Stress is responsible for upwards of 90% of all chronic disease. Living in a state of chronic stress primes the body and mind to live in a place of fear as a baseline of normal. While acute stress is healthy and necessary to keep us alive, always on stress will literally kill you in a manner that often degrades quality of life for decades of what should be healthy, vibrant years. Stress, however, is a choice and something that can be addressed once you have awareness of it and take ownership of it. Understanding the connection between stress and pelvic floor health is a key component missing in many doctor’s offices.
The healthcare model of the future will acknowledge that physicians, while an important component of healthcare, are not the end-all-be-all of shifting away from disease management medicine to wellness cultivation healthcare. Incorporating patient empowerment models that encourage individuals to be the executives of their own health and establishing educational structures that impart tools for those who want to feel really good, rather than just numbing pain, will be the cornerstone of true healthcare.
The good news is that that time is now, at least for individuals who are tuning into their intuition rather than deferring their wellbeing to an authoritarian model of medicine that demands compliance rather than encouraging patient led healing. It may be that tuning into your pelvic floor is the missing puzzle piece for overcoming seemingly unrelated physical and mental health conditions. Employing a conscious movement exercise regimen that focuses on both relaxing and strengthening the pelvic floor muscles while fostering the mind-body/body-mind connection is an essential component of a holistic health plan.
While pelvic floor issues are frequently thought of as a women’s health issue, it should be noted that pelvic floor health is also extremely important for men’s health. Just as with women, the pelvic floor supports all organs above it and is essential for digestive and bladder health and sexual functioning. Many men faced with sexual health issues such as erectile dysfunction are often handed a prescription for pharmaceuticals like Sildenafil (Viagra) without first addressing the whole person, particularly the role of the pelvic floor in both physiological functioning as well as psychological wellbeing required for sexual wellbeing. An opportunity is missed when medicine jumps to symptom quick fixes rather than treating root causes. The long term consequences for overlooking root causes can lead to life threatening conditions as systemic issues are allowed to continue to fester beneath the surface for years.
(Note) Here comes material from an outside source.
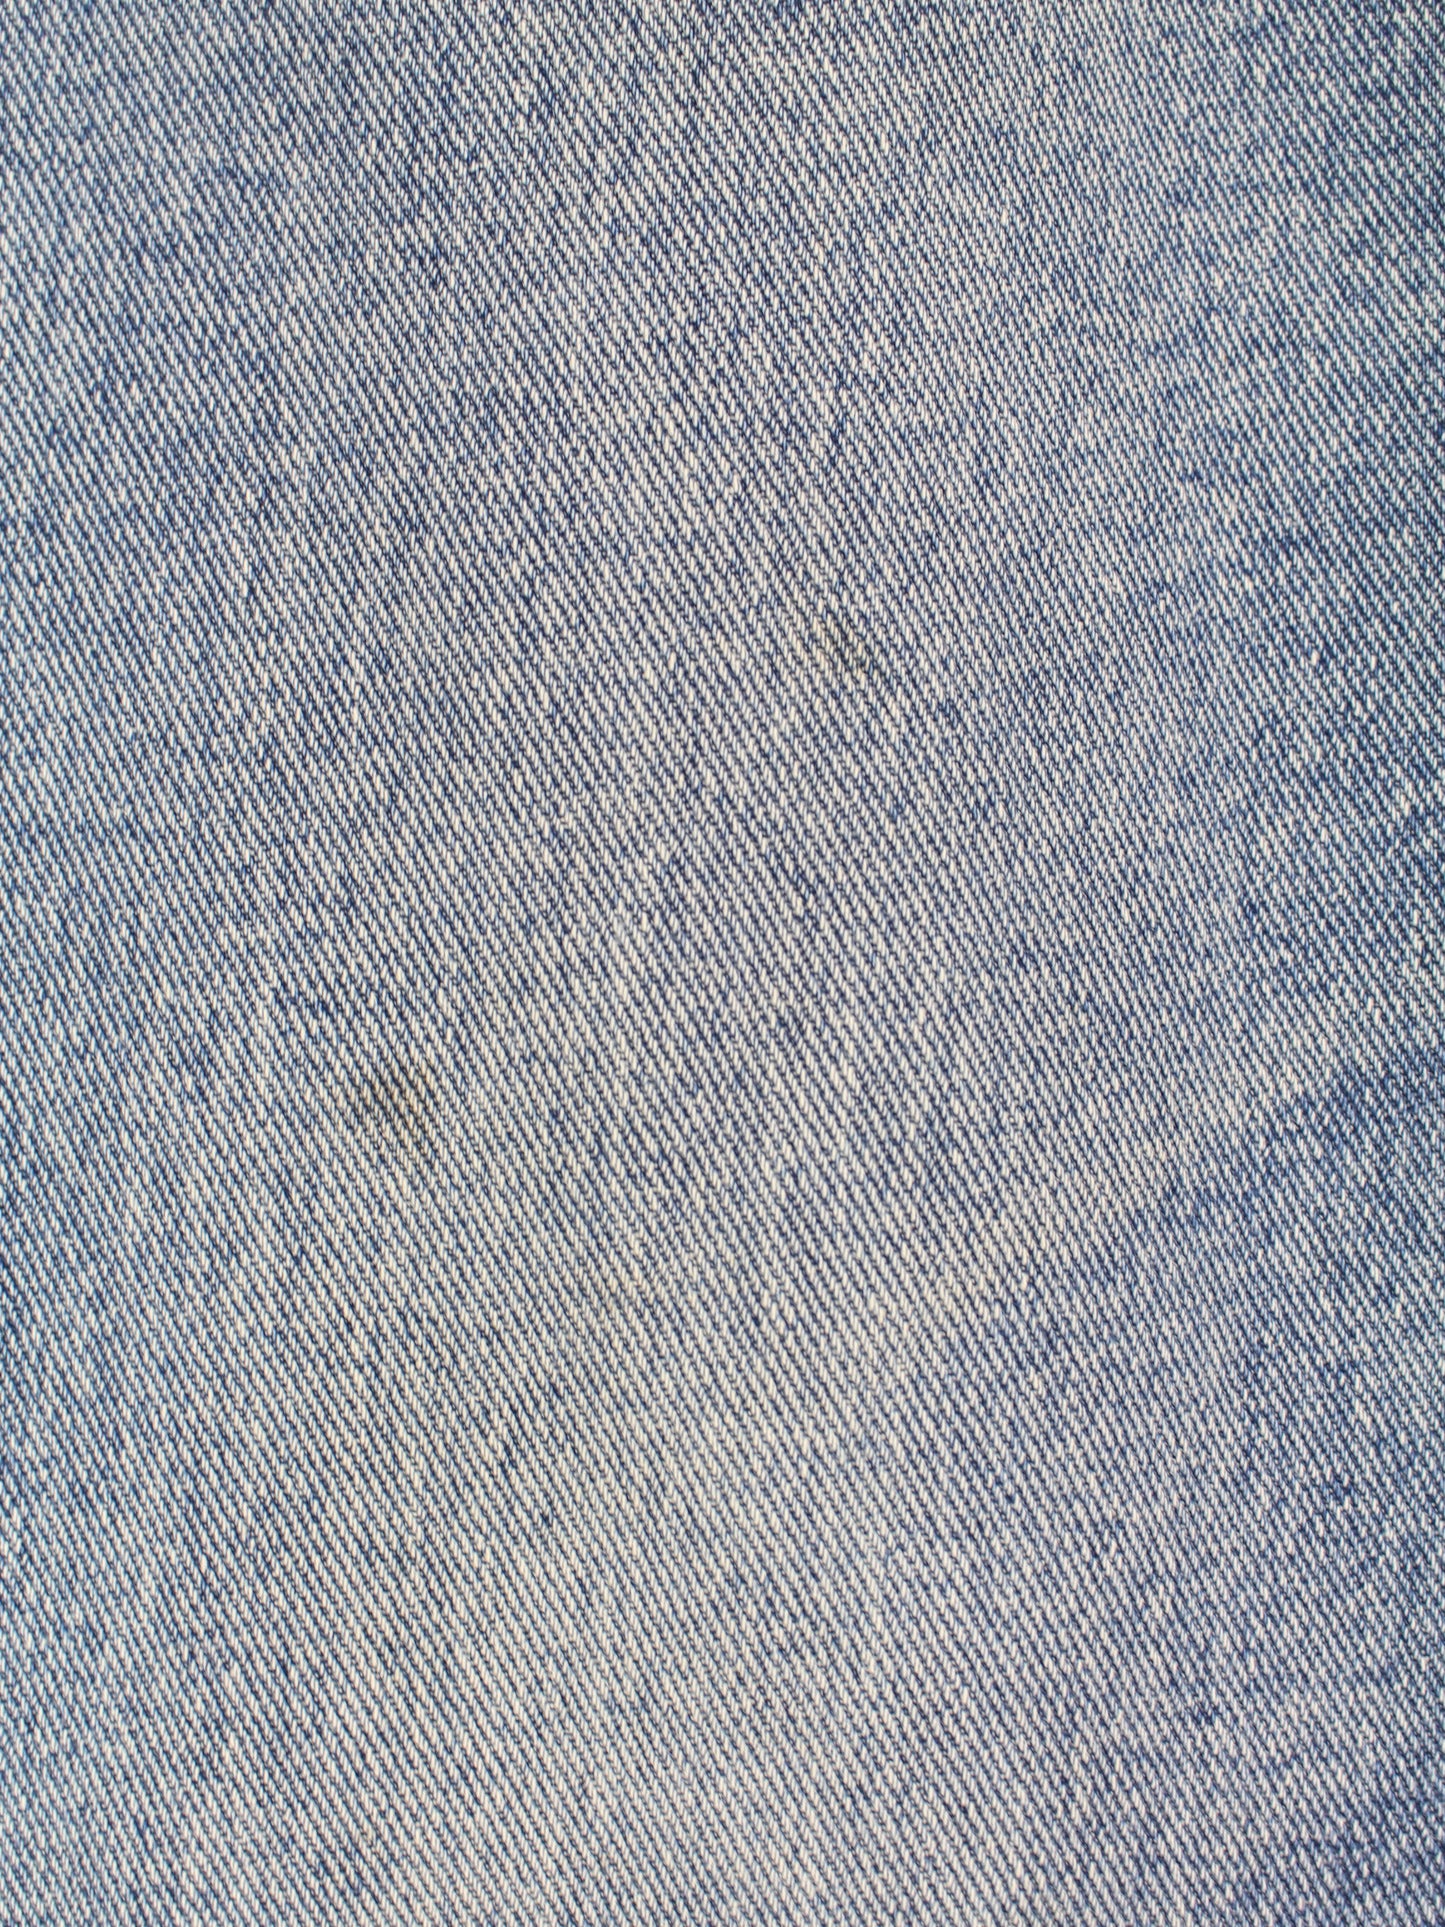 Wrangler Jeans Blau W38 L32
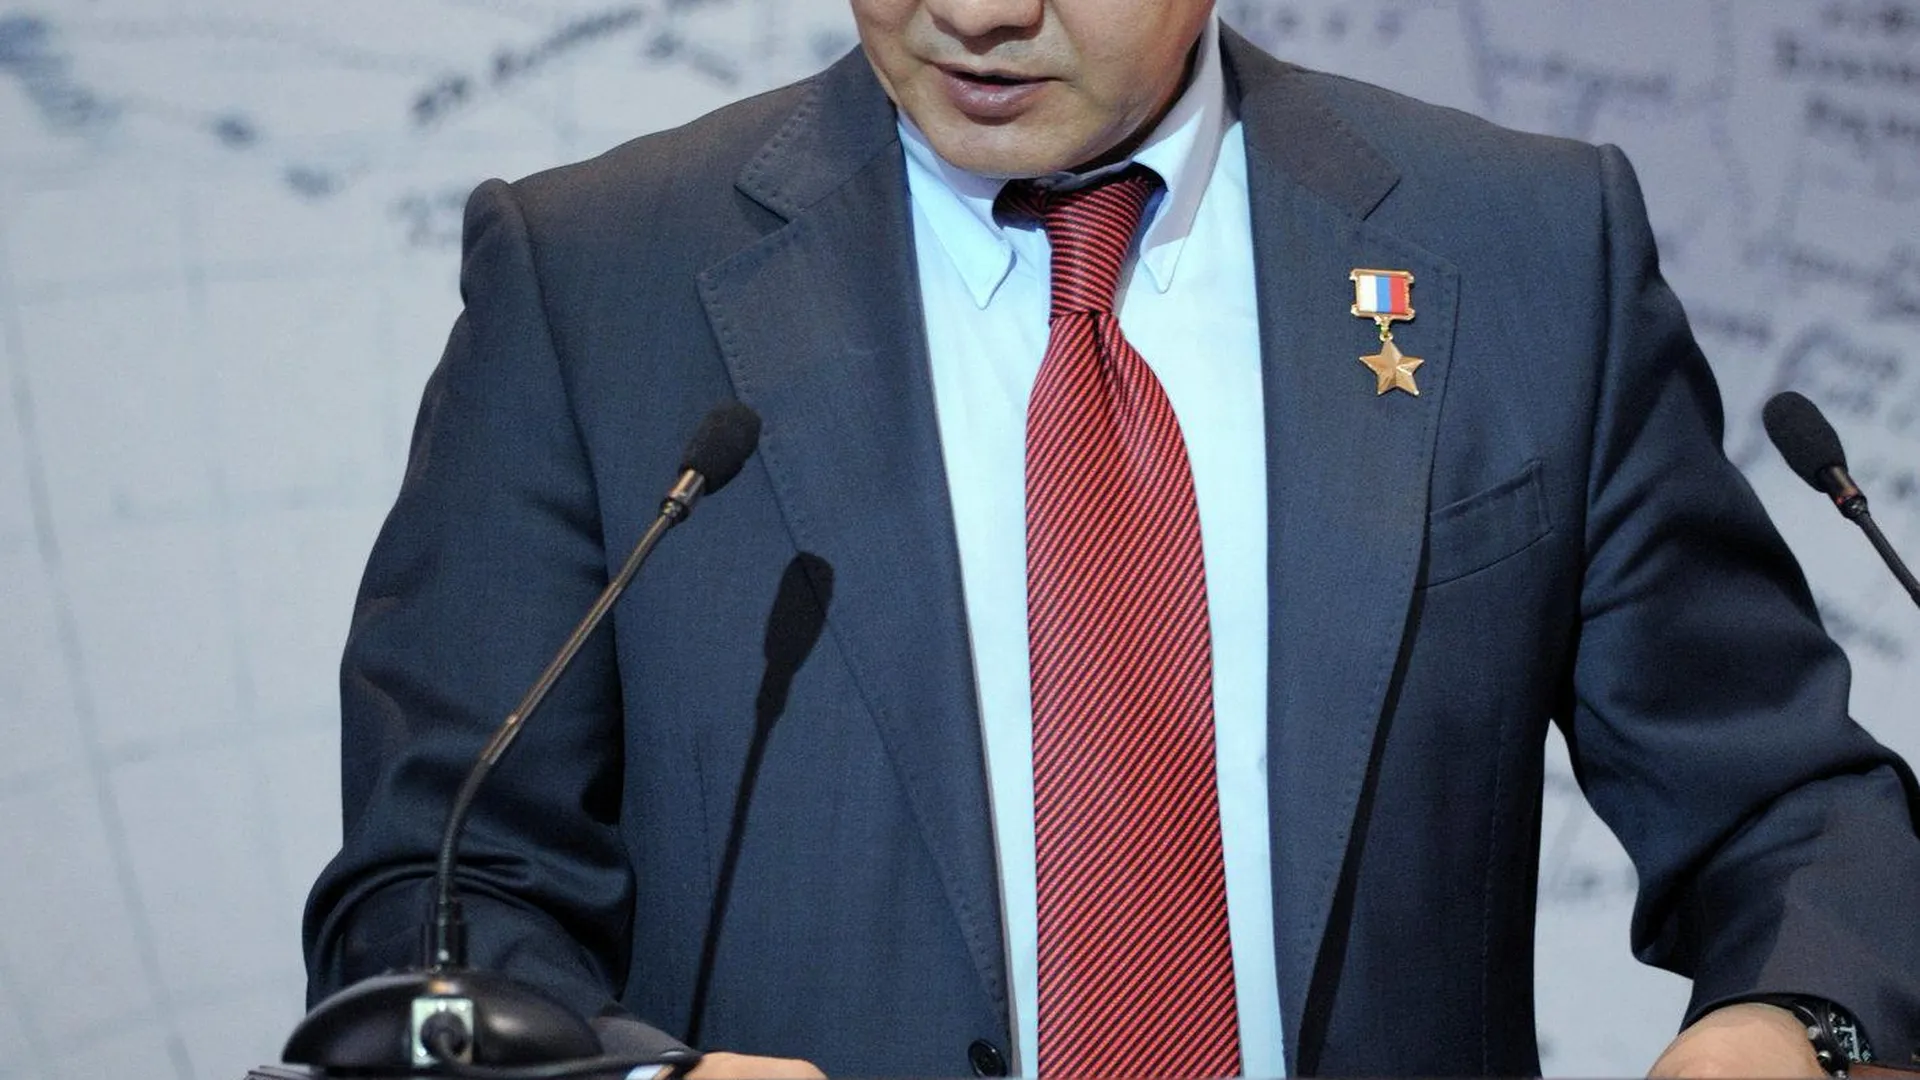 Шойгу вошел в число «отличников» в рейтинге российских губернаторов

Your pelvic floor may be whispering to you that there might be greater health disturbances lurking around the corner in years to come.
Beyond exercises specifically designed for pelvic floor health, help through holistically minded pelvic floor physical therapists and some forms of energy medicine can be helpful for healing the pelvic floor. Cultivating awareness for this set of muscles is the start to a healthy pelvic floor. There are even weight lifting and mind-body/body-mind meditation practices specifically designed to increase pelvic floor tone, flexibility, and interoception. Cultivating this awareness and allocating time in your schedule to focus on building a strong but supple pelvic floor is particularly important for anyone who has experienced sexual trauma. You can read more on about the broader definition of sexual trauma and why sexual health is imperative to overall health in my article, Why Sexual Health Matters. The bottom line is your pelvic floor provides a foundation for wellness that should not be overlooked, and self awareness is key to every holistic healing program.